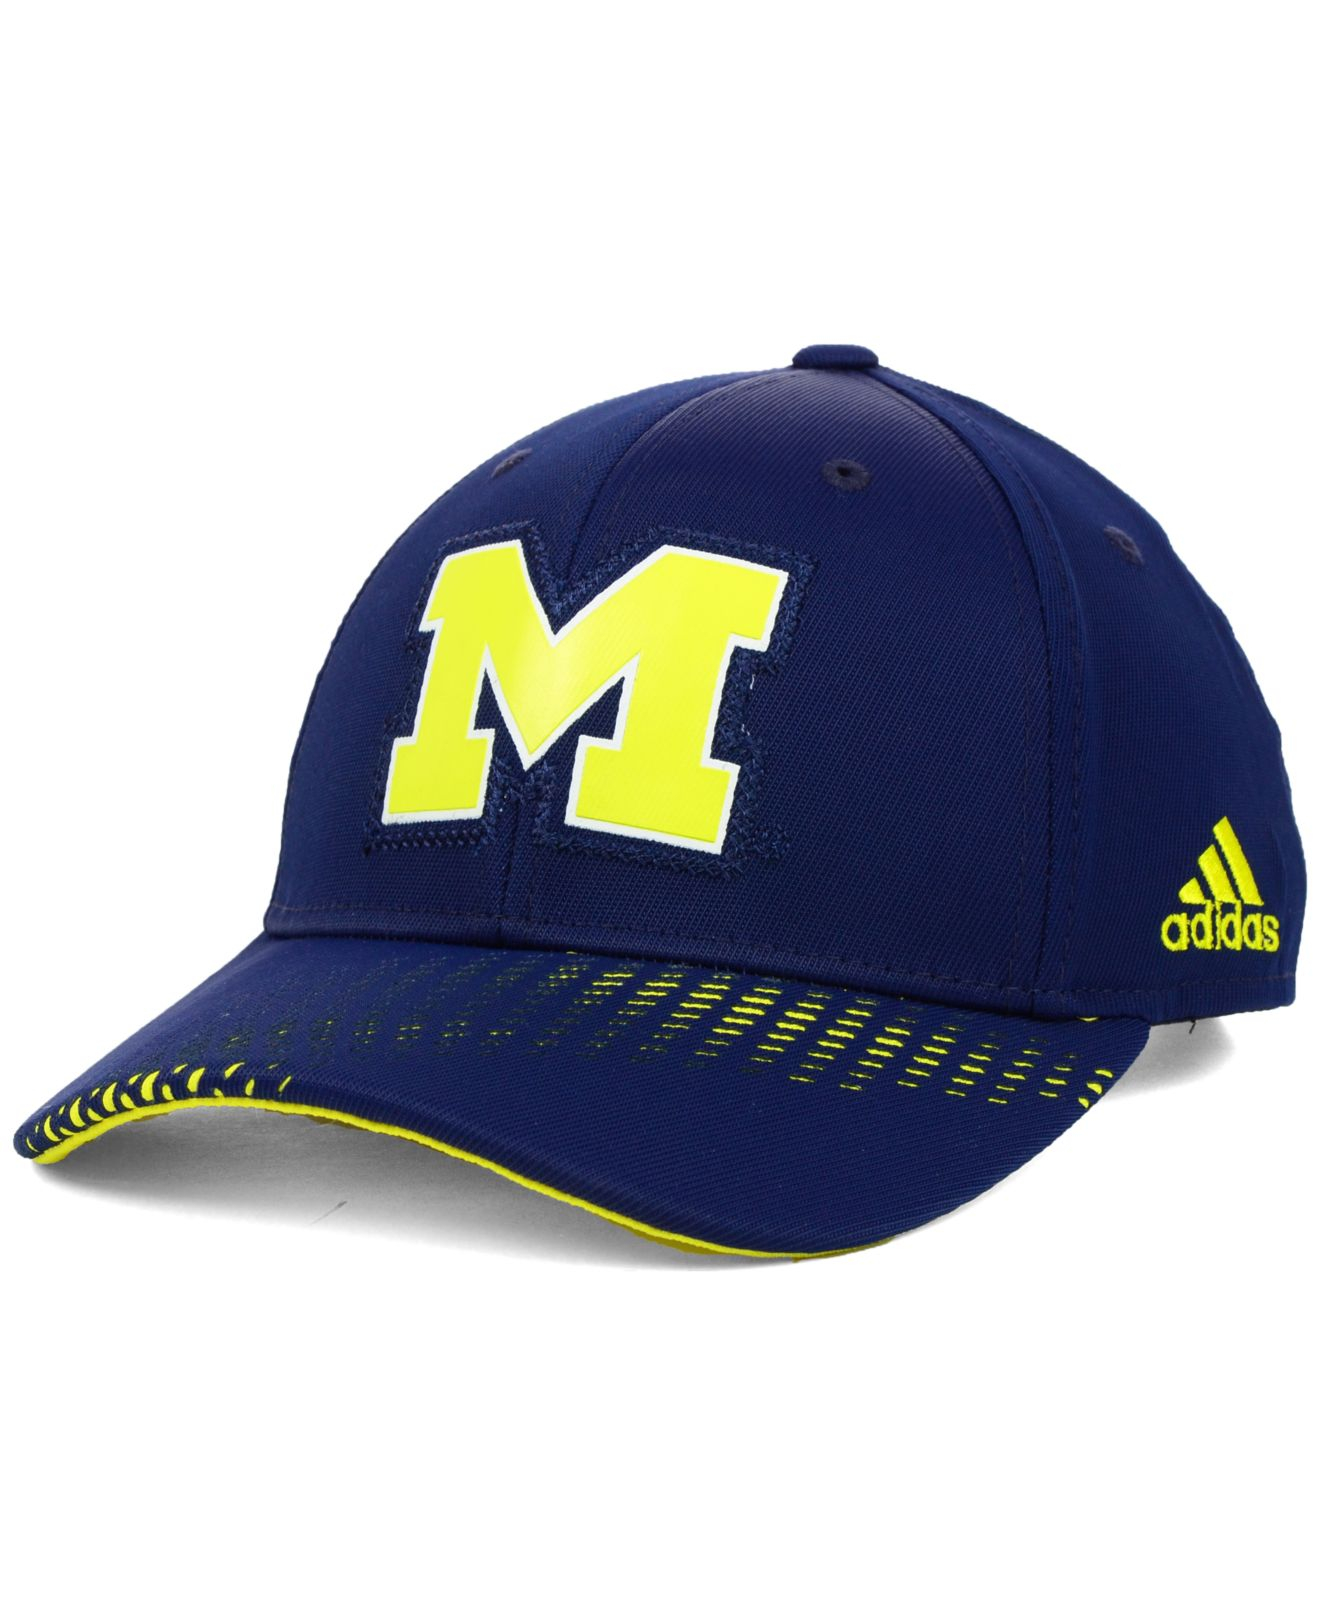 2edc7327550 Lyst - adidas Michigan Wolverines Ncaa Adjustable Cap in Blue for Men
---
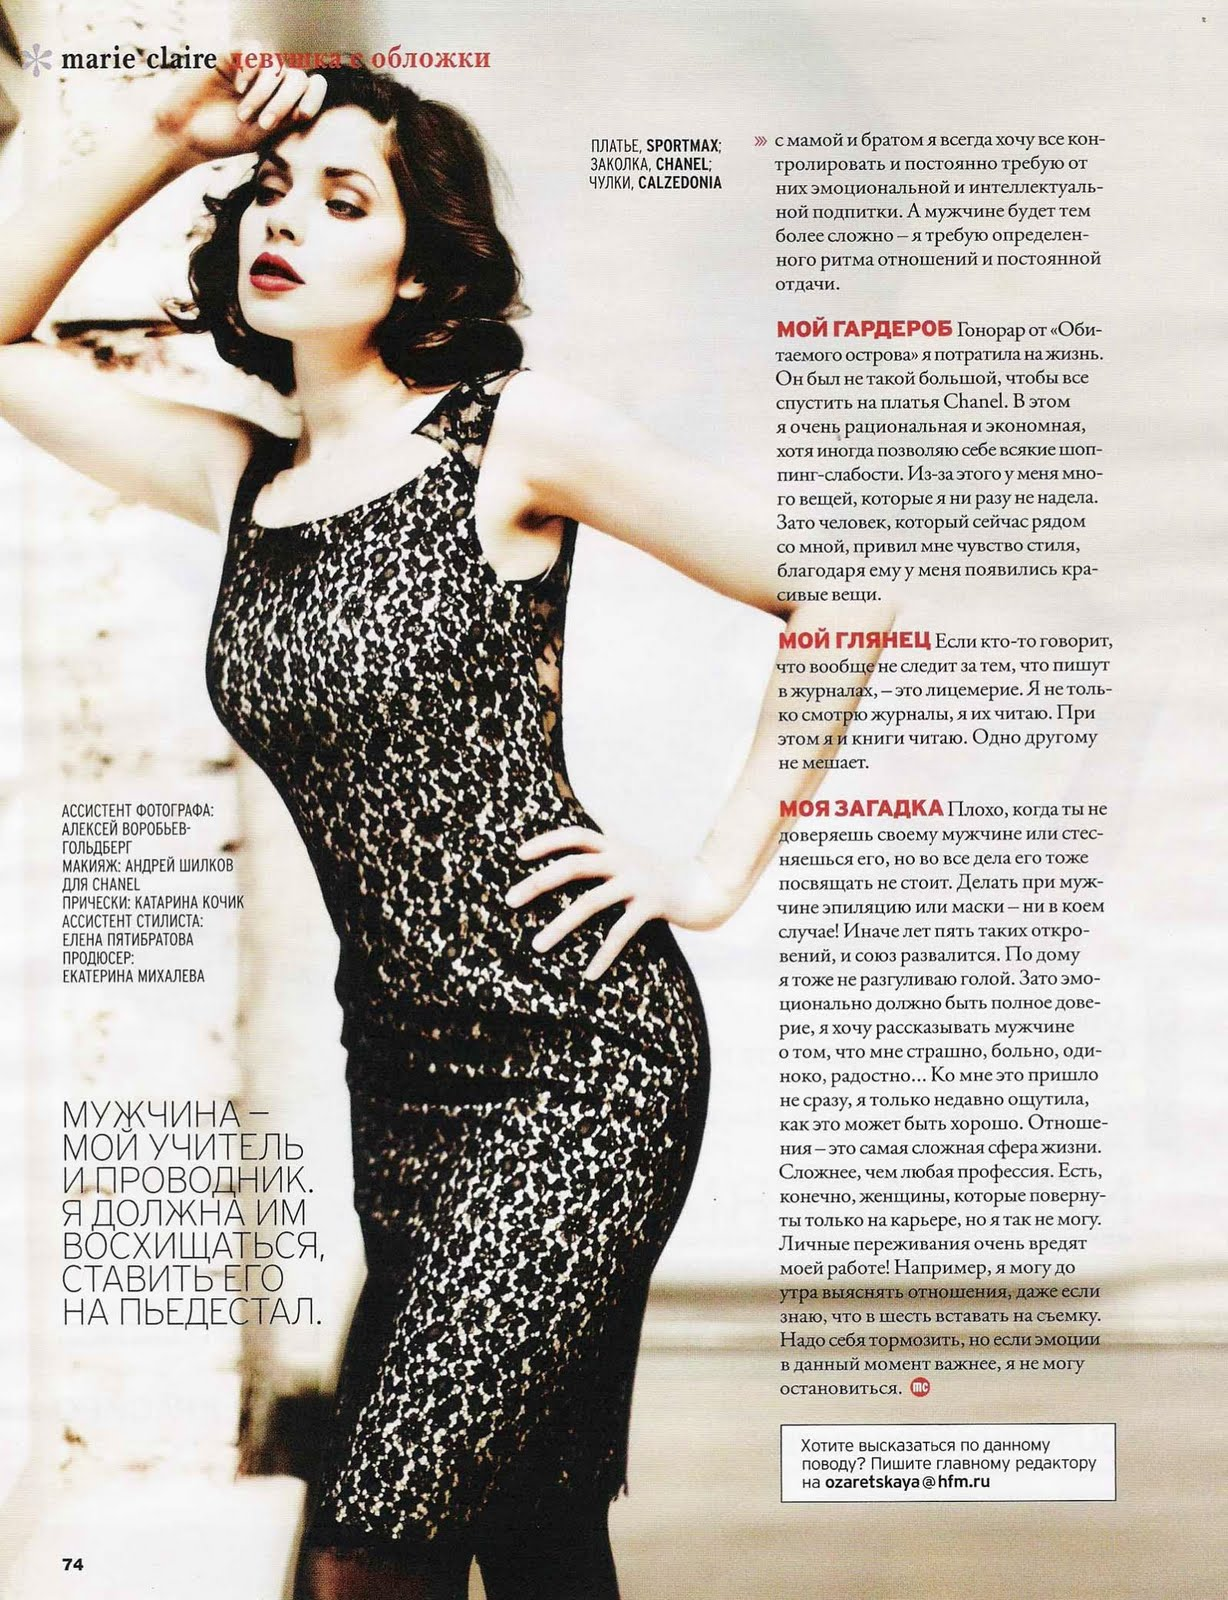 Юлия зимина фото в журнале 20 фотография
...
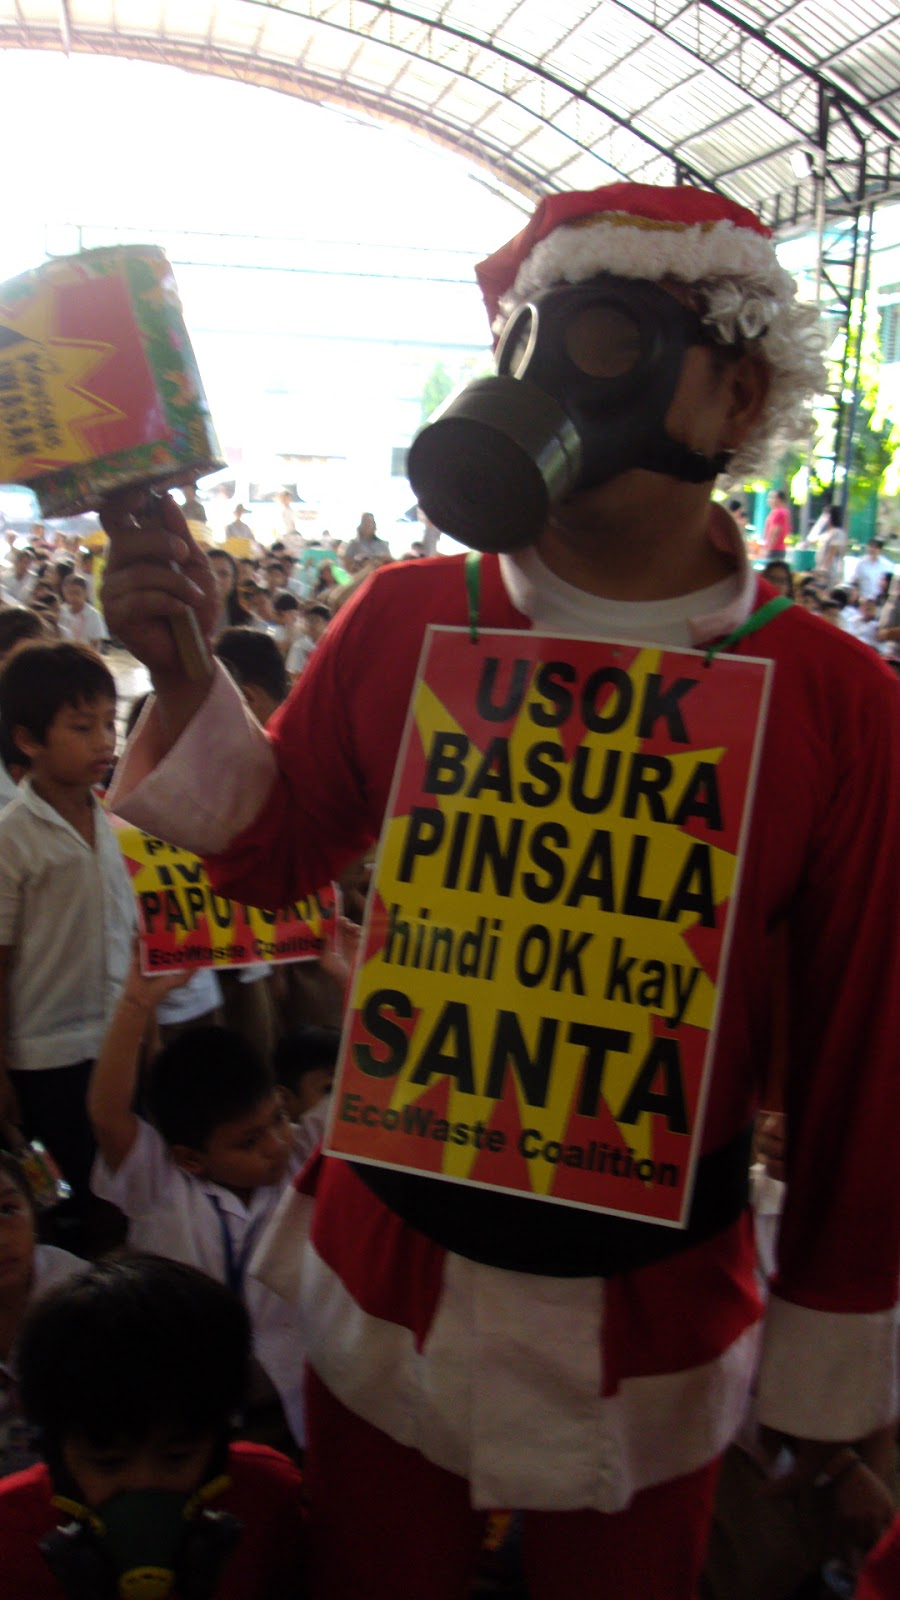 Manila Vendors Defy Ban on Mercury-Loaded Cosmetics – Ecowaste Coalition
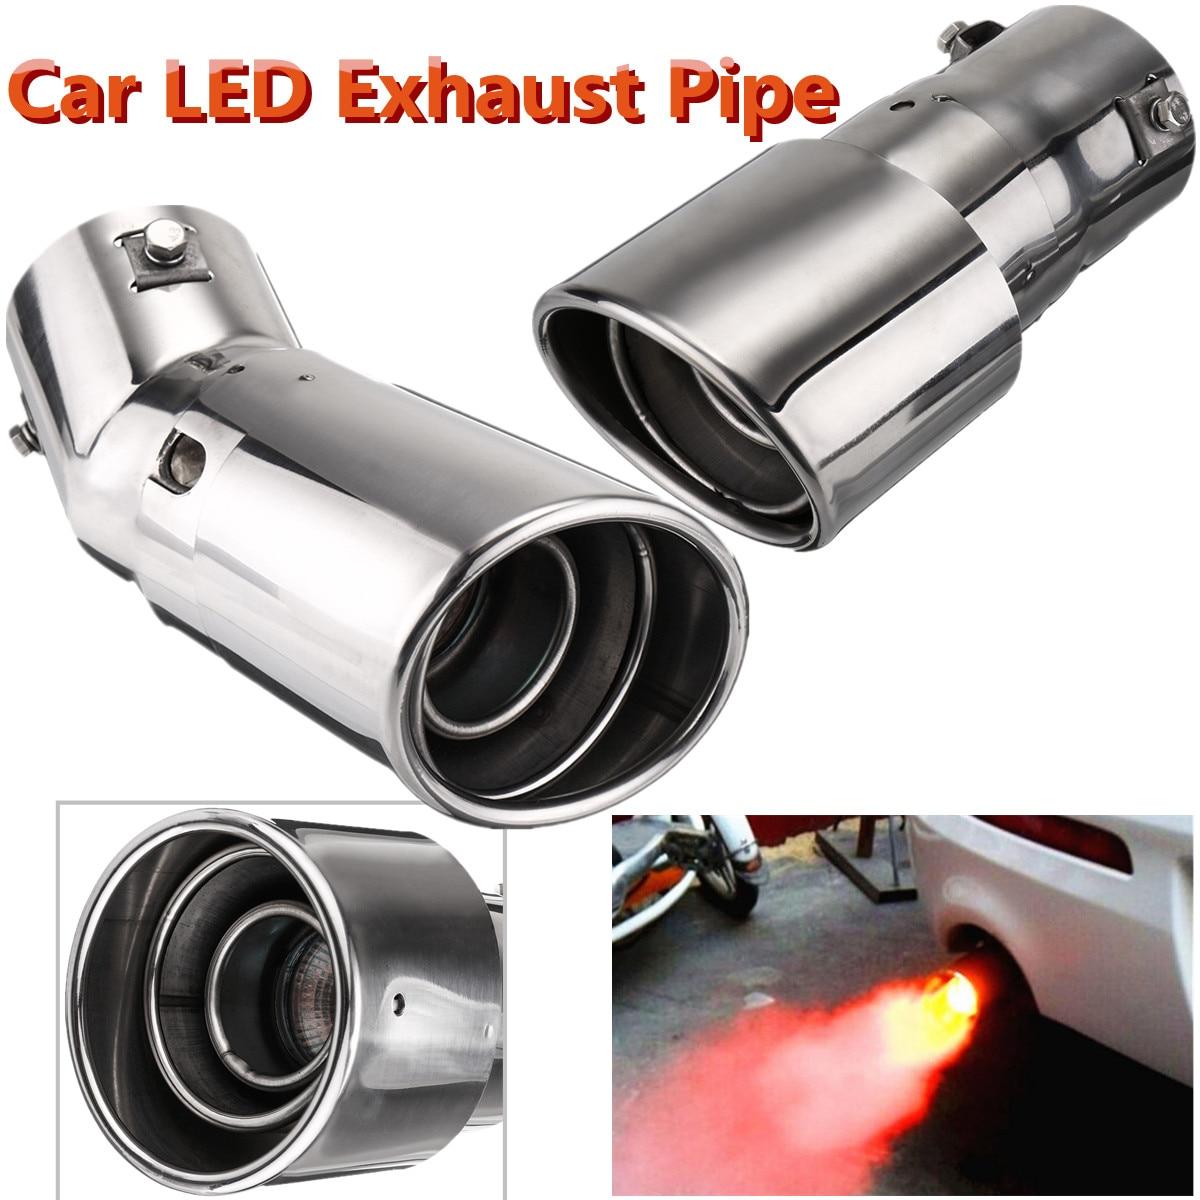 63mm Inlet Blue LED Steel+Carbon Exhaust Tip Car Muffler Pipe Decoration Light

▸ WHAT THIS TASK INVOLVES:
Going by the data above, the answer is exactly the lines from the one holding "Manila Vendors Defy" to the one holding "63mm Inlet Blue", both kept, with the pictures left out.

▸ YOUR SOLUTION:
 Manila Vendors Defy Ban on Mercury-Loaded Cosmetics – Ecowaste Coalition
 63mm Inlet Blue LED Steel+Carbon Exhaust Tip Car Muffler Pipe Decoration Light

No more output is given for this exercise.